Safety and Efficacy of Hybrid Thoracic Endovascular Aortic Repair for Management of Aberrant Subclavian Artery Complications
Sarah E Gray, Salvatore T Scali, Kristina A Giles, Dean J Arnaoutakis, Martin R Back, Michol A Cooper, Scott A Berceli, Gilbert R Upchurch, Thomas S Huber, Javairiah Fatima
University of Florida, Gainesville, FL
Background: Aberrant subclavian artery(ASA) is a well described aortic arch anomaly and frequently causes dysphagia, Kommerell diverticulum(KD), and/or axial juxta-aortic aneurysmal degeneration. Historically, open repair has been performed; however, this can be associated with significant morbidity. More recently, hybrid surgical approaches utilizing cervical debranching and thoracic endovascular aortic repair(TEVAR) have been described, but there is limited published data describing their safety and efficacy. The purpose of this analysis was to describe our experience with management of ASA complications using hybrid TEVAR.
Methods: A retrospective, single institution review of a prospectively maintained endovascular aortic registry was performed to identify all patients treated for ASA complications using TEVAR(2002-2018). The primary end-point was technical success(no endoleak/re-intervention/resolution of index pathology). Secondary end-points included complications, endoleak, re-intervention, and survival. Centerline analysis was employed to measure aortic diameters(KD max diameter=opposing aortic outer wall to diverticulum apex). Kaplan-Meier methodology was used to estimate re-intervention and survival.
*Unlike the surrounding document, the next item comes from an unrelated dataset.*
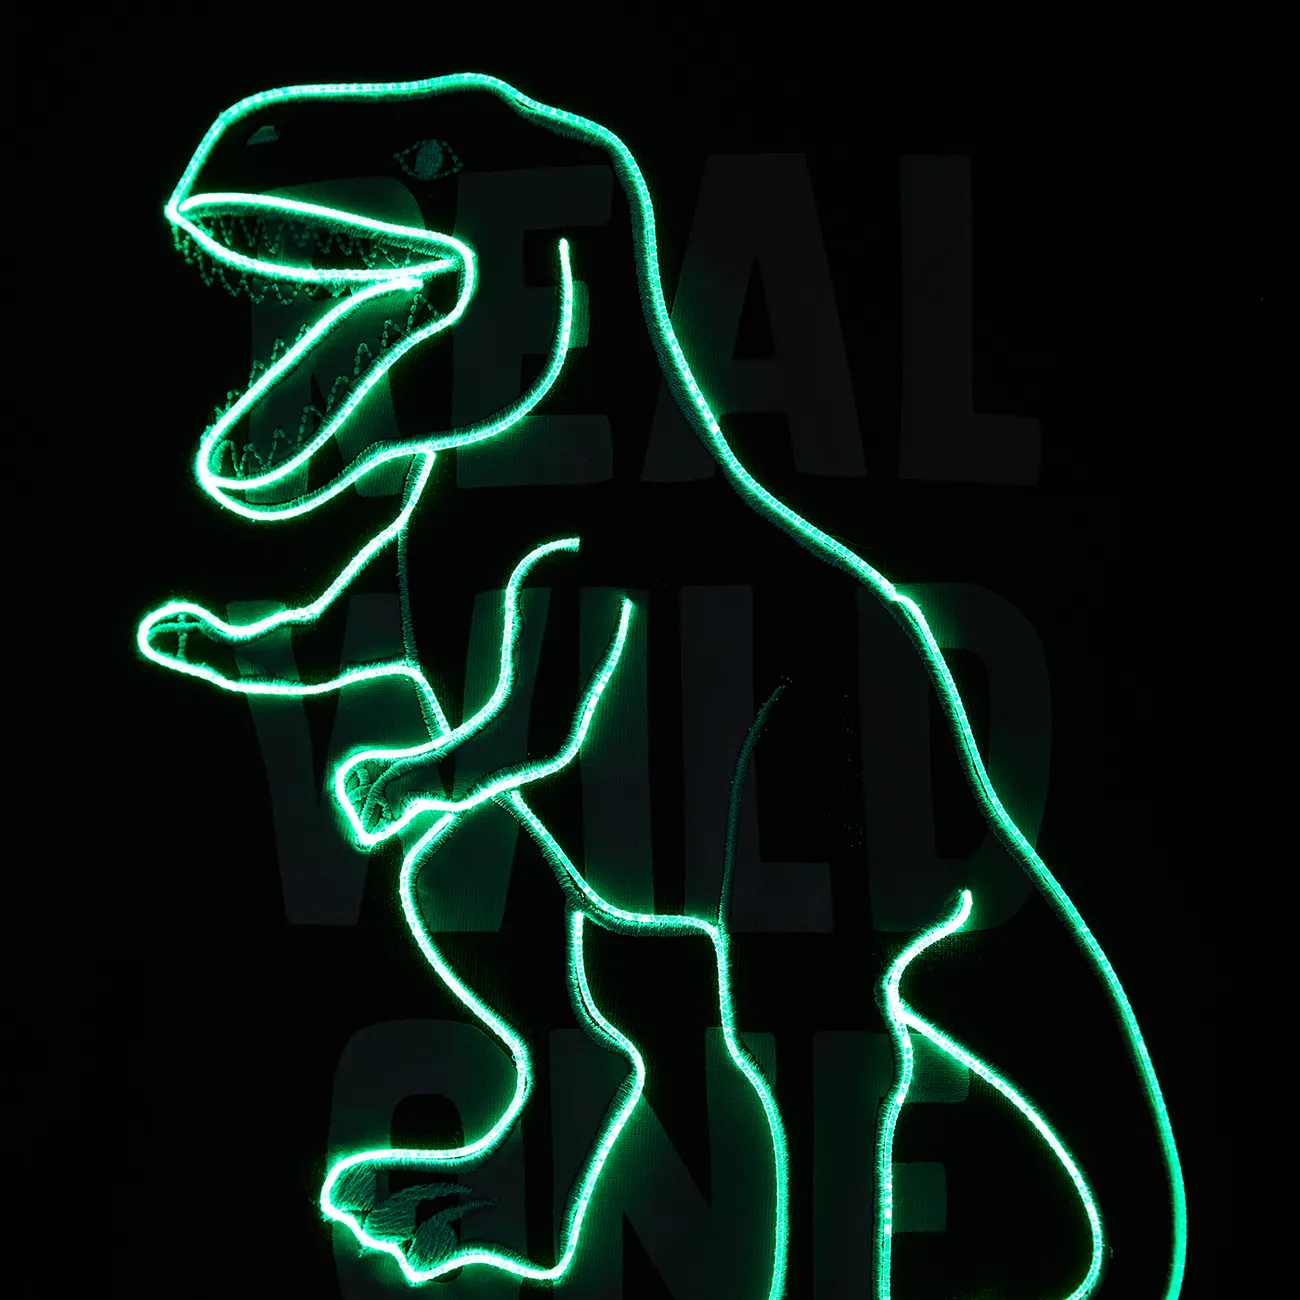 Go-Glow Illuminating Sweatshirt with Light Up Dinosaur Pattern Including Controller (Built-In Battery) Black big image 1

Results: During the study interval, 1240 TEVAR procedures were completed for any indication and 18(1.4%)[male-67%; age 59±13 years] with ASA complications as the index pathology were identified. 94%(n=17)had left sided arch+right ASA[n=1, right sided arch+left ASA]. All ASAs were in a retro-esophageal position, and 100% had associated KD. Mean preoperative KD diameter was 63±17mm. Indications for intervention included: diverticulum diameter(61%), dysphagia(17%), rupture(11%), rapid expansion(6%), and endoleak after prior TEVAR(6%). Elective repair occurred in 89%(n=2, rupture) and all procedures utilized some permutation of cervical debranching+TEVAR with 56%(n=10) being staged. Partial open arch reconstruction was employed in 22%(n=4). Cervical debranching procedures included(some patients received multiple different configurations): bilateral carotid-subclavian bypass(72%;n=13), unilateral carotid-subclavian bypass(27%;n=5), subclavian transposition(n=1), aorto-axillary bypass(n=1), and carotid-axillary bypass(n=1).
No 30-day mortality or spinal cord ischemia complications occurred. A major complication occurred in 22%(4): non-disabling stroke(1), arm ischemia(1), upper extremity neuropathy(1), and iatrogenic descending thoracic aortic dissection(1). During follow-up(mean 15±13 months), technical success was 83%, but 44%(8) had evidence of endoleak: type 1a-3; type 2(n=5;intercostal-2, aneurysmal SA origin-3). Two endoleaks resolved spontaneously, 2 underwent re-intervention while 4 remain under surveillance(Table). 22%(n=4) experienced at least one re-intervention(1-year freedom from re-intervention=75±10%). Median KD diameter decreased by 5mm[IQR -12, 0] with 78%(n=14) experiencing KD diameter stability/reduction in follow-up. Overall survival was 93±6% and 84±10% at one and 3-years, respectively.
Conclusions: This experience represents the largest series of hybrid TEVAR revascularization of ASA complications. Although hybrid strategies employing cervical debranching+TEVAR to manage ASA complications appear to be safe and reasonably effective as evidenced by the low perioperative complication risk and positive aortic remodeling, the endoleak rate raises significant concerns about durability. If this strategy is offered, the mandatory need for surveillance and risk of re-intervention should be disclosed prior to proceeding. Greater patient numbers and longer follow-up are needed to further establish the role of hybrid TEVAR management of ASA complications.